Alex Rodriguez, now the third baseman for the New York Yankees, was listed as the team’s top unsecured creditor. He is still owed about $24.9 million in deferred compensation from his earlier Rangers contract, according to court documents.
The club, which plays in Arlington, is the second Major League Baseball team to enter bankruptcy in less than a year. The Chicago Cubs in October joined owner Tribune Co. in Chapter 11 as part of that team’s sale.
Michael McCann, a sports-law expert and professor at Vermont Law School, said the bankruptcy proceedings of the National Hockey League’s Phoenix Coyotes may be a model for how a contested Rangers bankruptcy and sale could unfold.
In May 2009, the Coyotes filed for Chapter 11 protection from creditors and agreed to be acquired by an owner who wanted to move the team to Hamilton, Ontario.
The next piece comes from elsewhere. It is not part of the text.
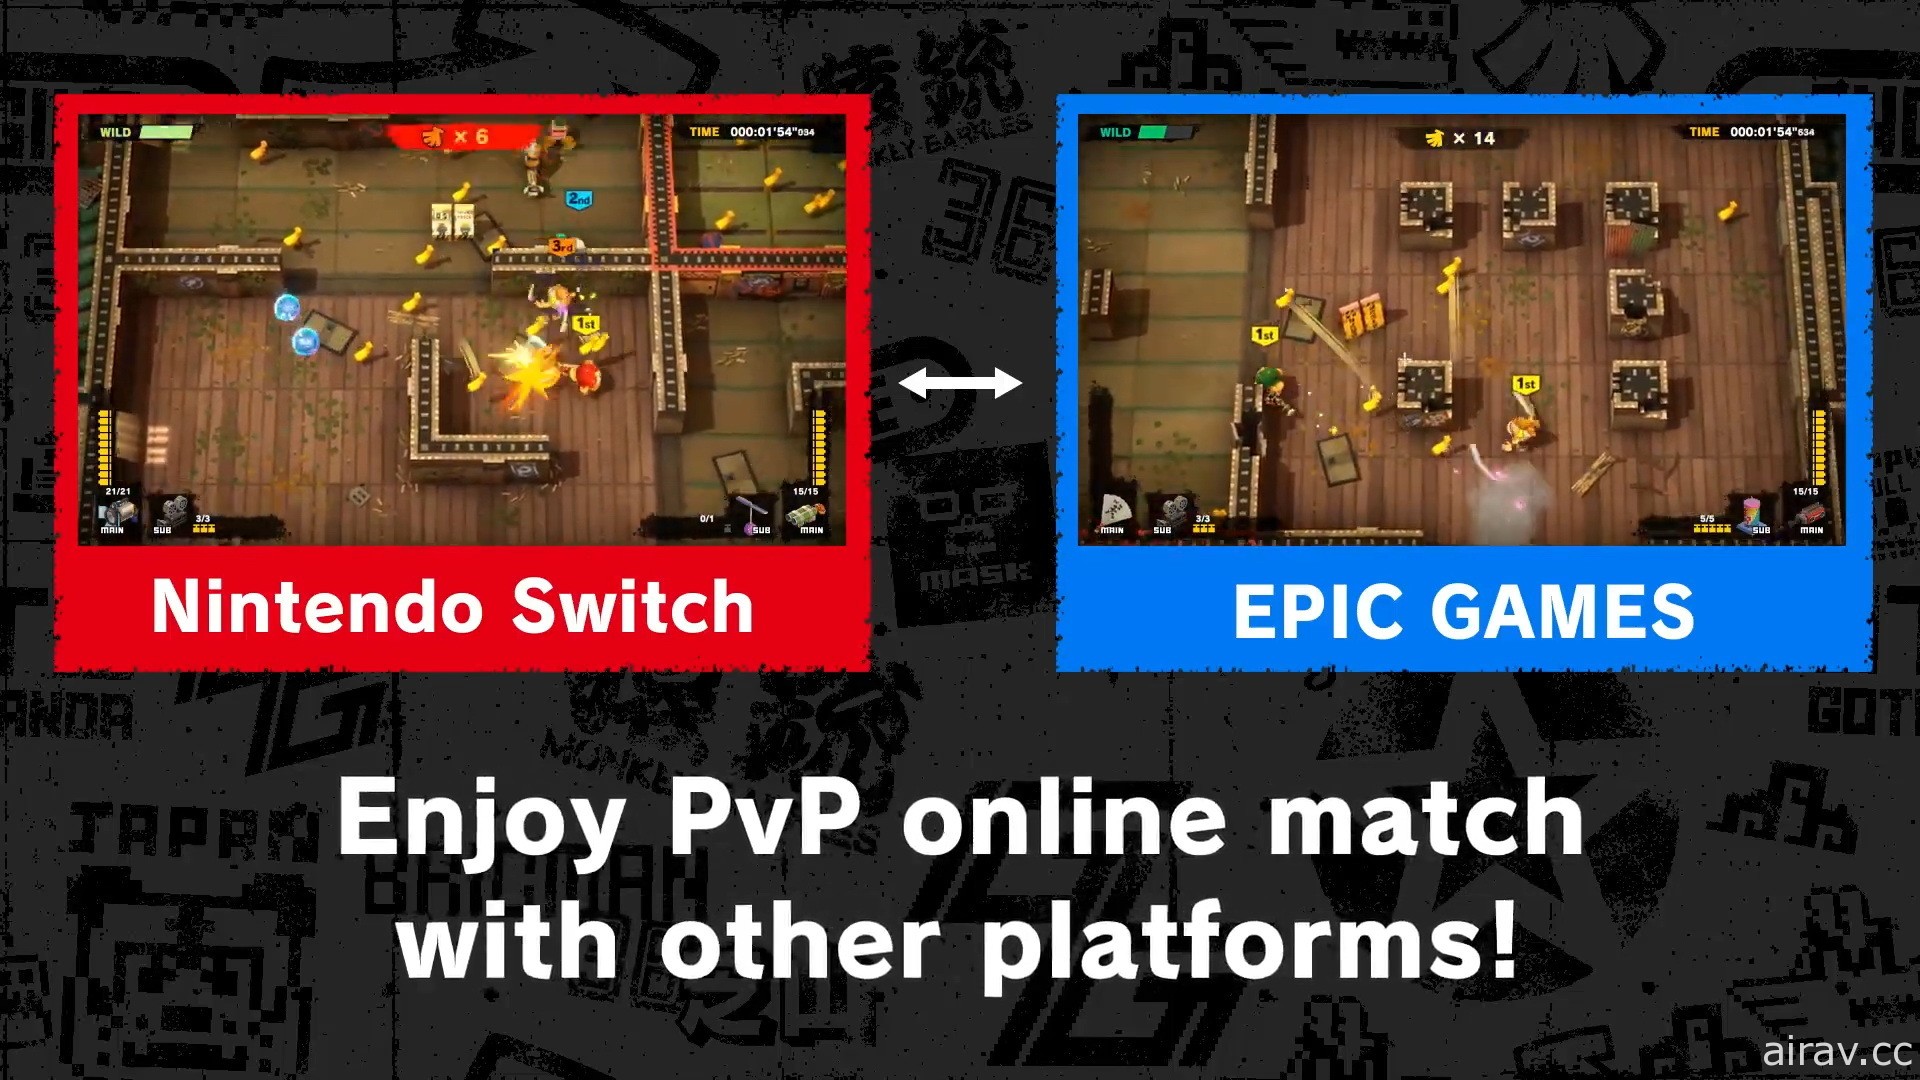 動作射擊遊戲《猴子桶戰》將登陸 PC 平台 支援跨平台 PVP 對戰

The NHL objected, seeking to keep the team in Phoenix and arguing the league, not the team owner, was in control of the troubled franchise.
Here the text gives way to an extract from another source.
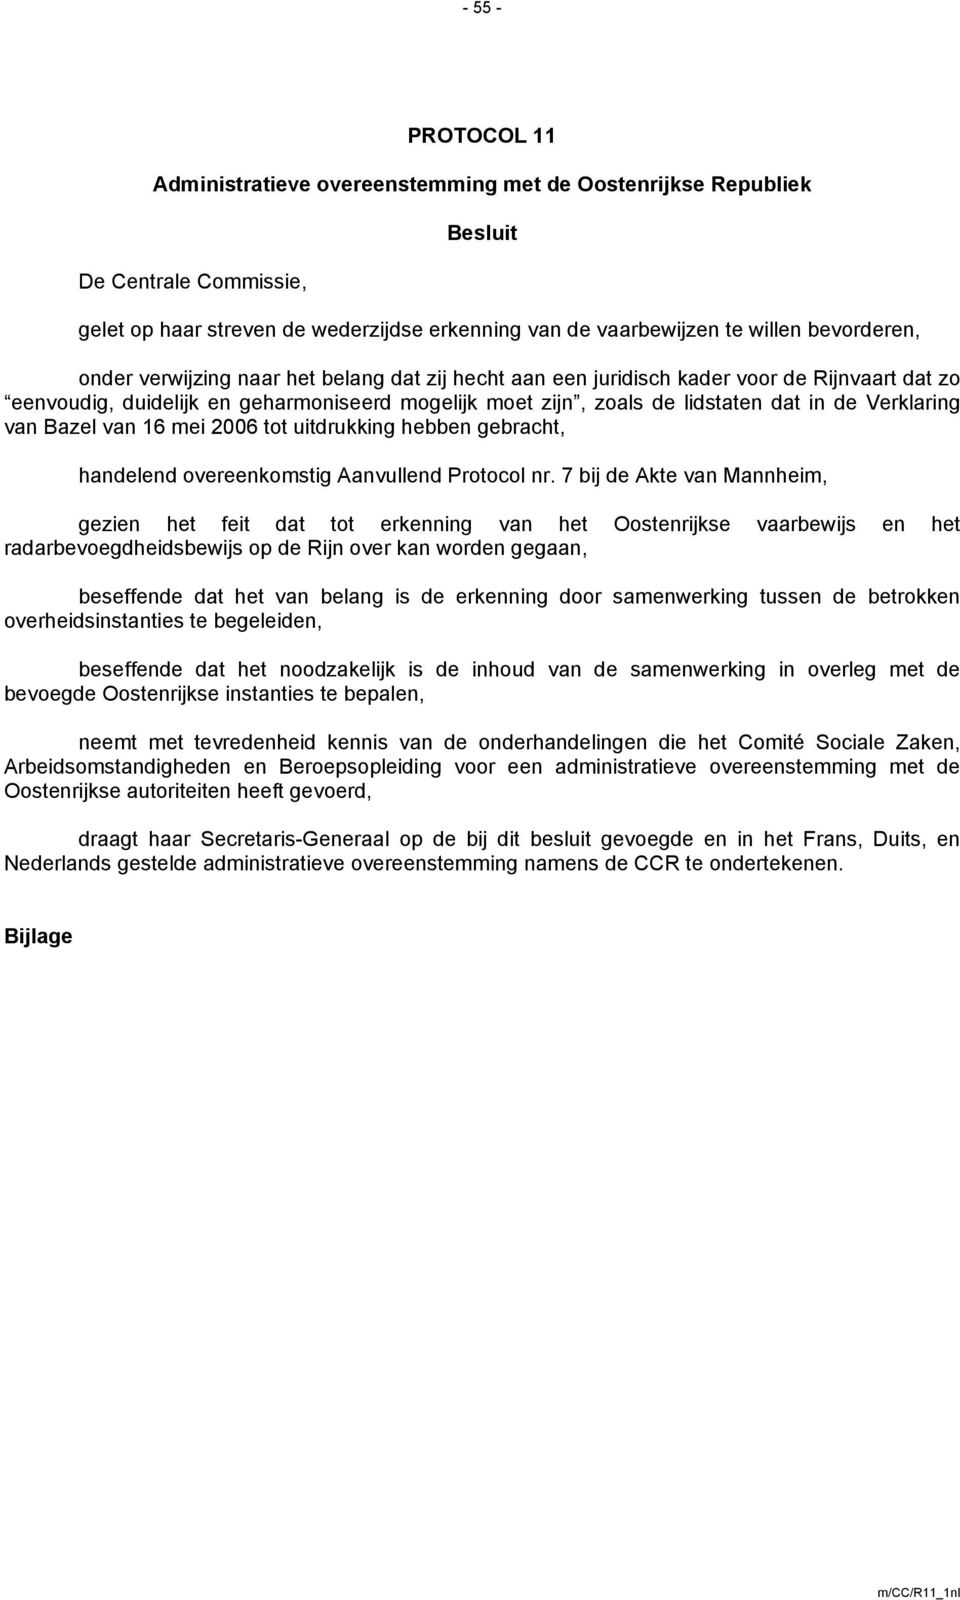 Verklaring van Bazel van 16 mei 2006 tot uitdrukking hebben gebracht, handelend overeenkomstig Aanvullend Protocol nr.

A U.S. Bankruptcy Court judge ordered mediation between team and league and then presided over a series of hearings before setting up an auction that resulted, last November, in the Coyotes being sold to the NHL.
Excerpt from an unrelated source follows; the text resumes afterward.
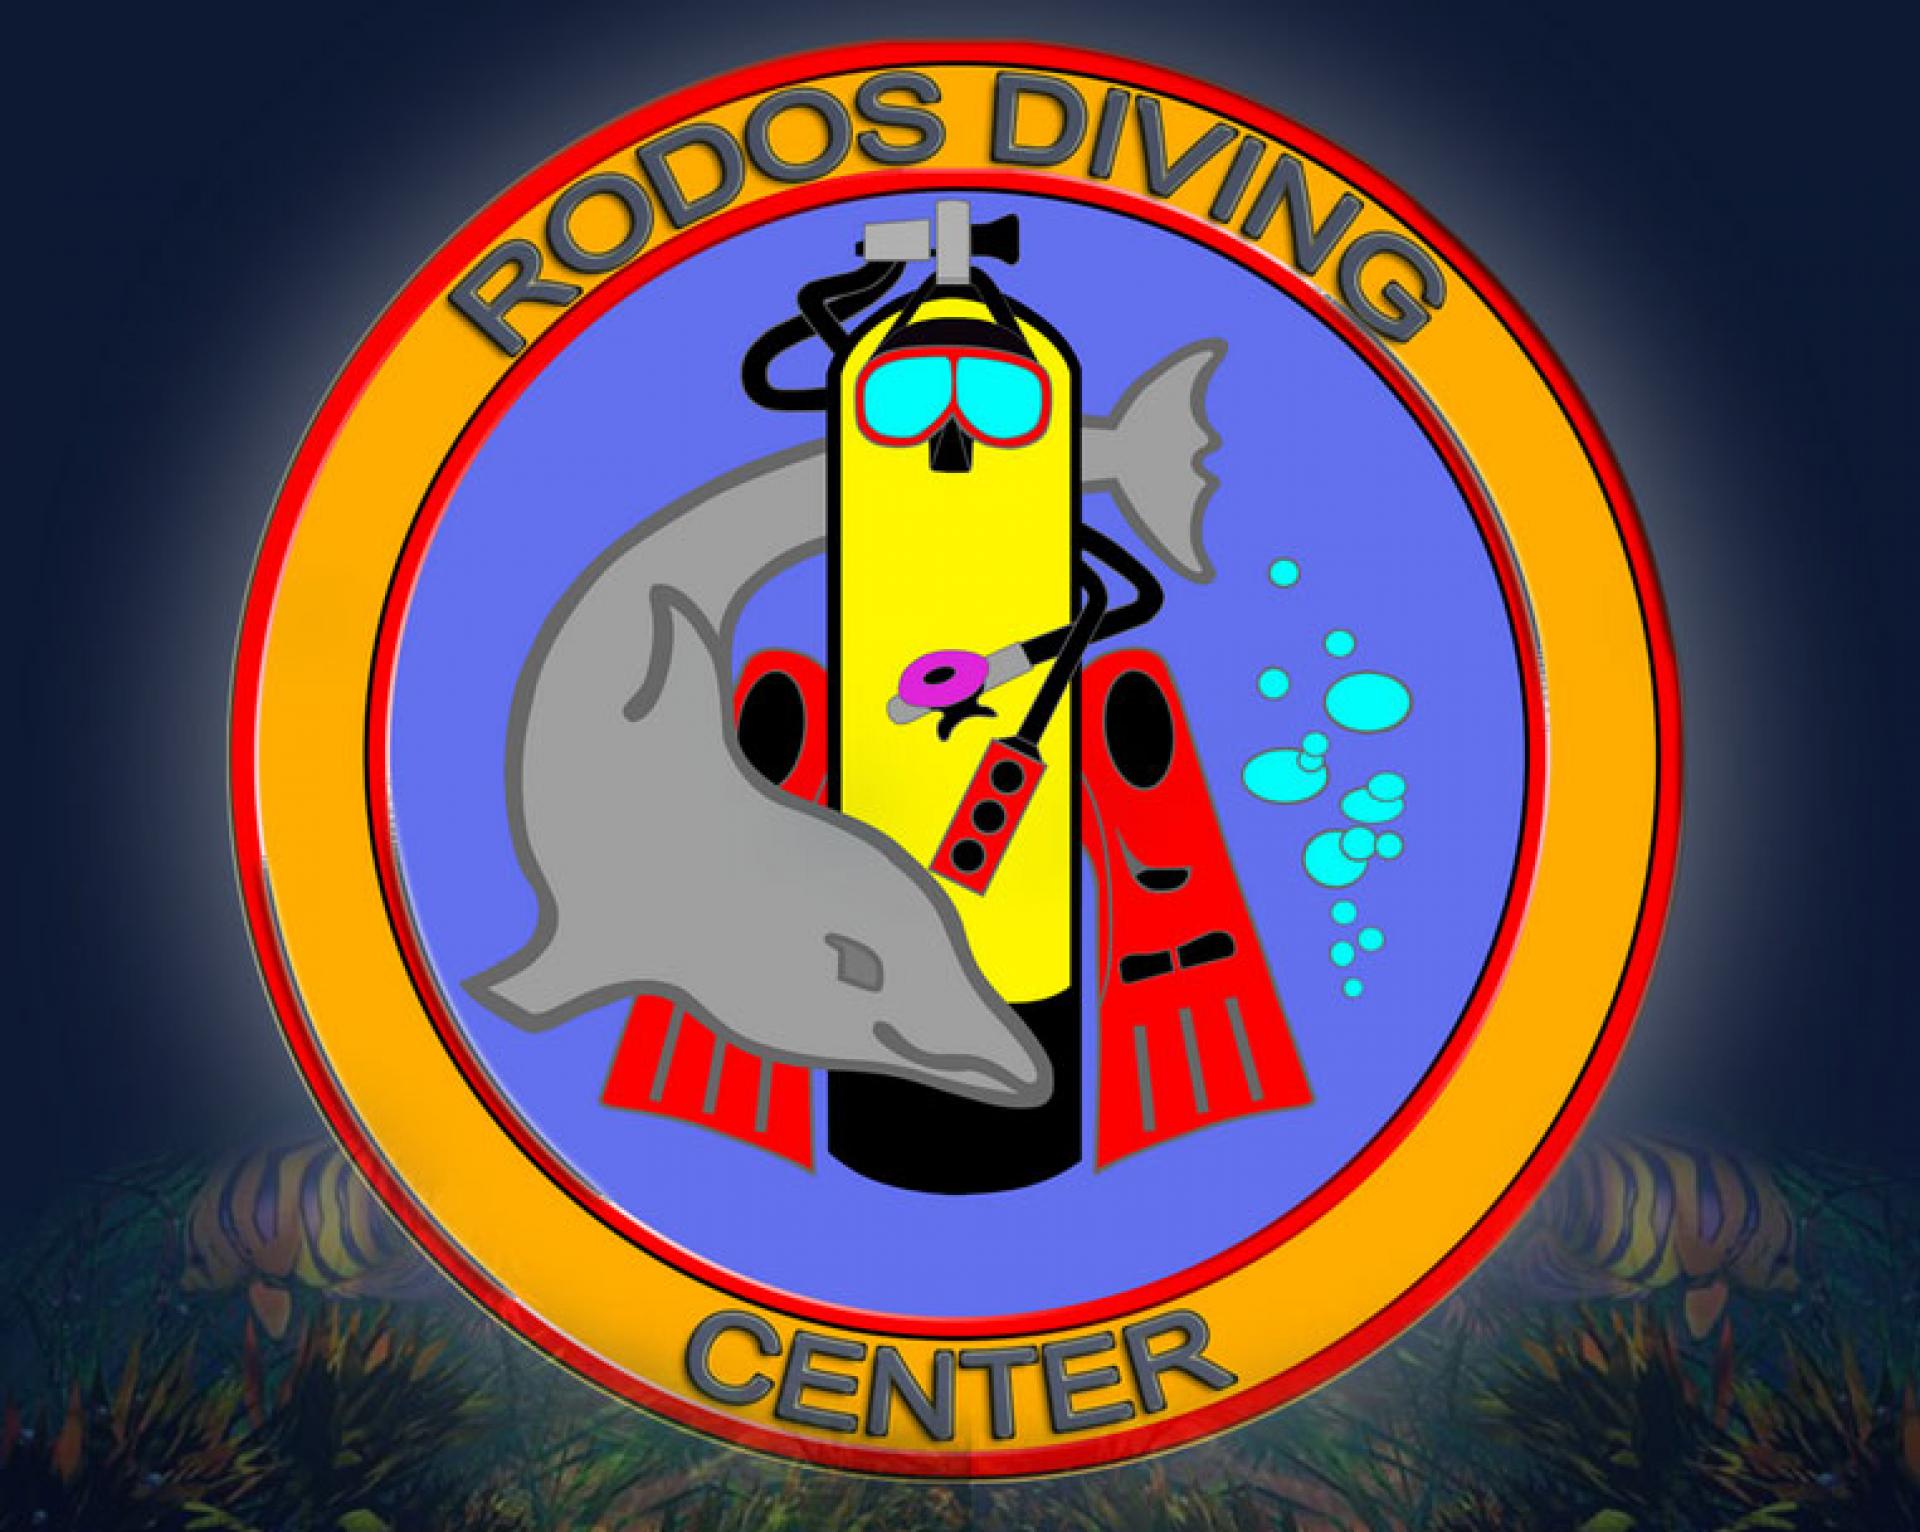 Rhodos Diving

“Generally, courts try to take the course that’s least disruptive to the business,” McCann said.
The Rangers sale will be completed as part of a prepackaged reorganization plan for Texas Rangers Baseball Partners, the company said yesterday in a statement.
Under the plan, the company will sell the team to the investors in a transaction valued at about $575 million. That includes the investors taking on some debt, and a separate deal with another Hicks company to sell about 153 acres of land around the ballpark in return for cash, notes and an ownership interest in the group buying the team. The investors required the land as part of the agreement.
“This plan to complete the sale of the Texas Rangers serves the best interests of the team, its fans, MLB and all other parties involved,” Allan H. ‘Bud’ Selig, the commissioner of Major League Baseball, said in the statement.
The league agreed to provide the Rangers with a loan to ensure the team can meet its obligations while the sale awaits court approval.
Hicks bought the team for $250 million in 1998 from an investor group that included then-Texas Governor George W. Bush. The value of the team fell to $405 million last year from $412 million in 2008, Forbes magazine reported in April.
The franchise, which began play in 1961 as the expansion Washington Senators after the longtime Senators franchise relocated to Minnesota, moved to Texas for the 1972 season. The team has made the playoffs three times, never making it past the first round.
In 2000, the Rangers signed Rodriguez to a 10-year, $252 million contract, then the biggest in history. Rodriguez was traded to New York in February 2004 in exchange for then All-Star second baseman Alfonso Soriano and infielder Joaquin Arias. Texas also agreed to pay about $67 million of the $179 million that remained on Rodriguez’s contract.
A message left at the office of Scott Boras, Rodriguez’s agent, wasn’t immediately returned yesterday.
After Rodriguez, the next five unsecured creditors are also players or former players for the Rangers. They are: Kevin Millwood, a pitcher for the Baltimore Orioles ($12.9 million); Rangers third baseman Michael Young ($3.9 million); Los Angeles Dodgers pitcher Vicente Padilla ($1.7 million); Mickey Tettleton, who retired from the Rangers in 1997 ($1.4 million); and Mark McLemore, a former Rangers second baseman who retired from the Oakland A’s in 2004 ($970,000).
Hicks, 64, who served as chairman of private-equity firm Hicks, Muse, Tate & Furst Inc. from 1989 through 2004, also is trying to sell the Liverpool Football Club, the 18-time English soccer champion that Hicks co-owns with George Gillett.
Dallas-based Hicks Sports said in a statement in February that it was also exploring a possible sale of the Dallas Stars of the National Hockey League.
The case is In re Texas Rangers Baseball Partners, 10-43400, U.S. Bankruptcy Court, Northern District of Texas (Fort Worth).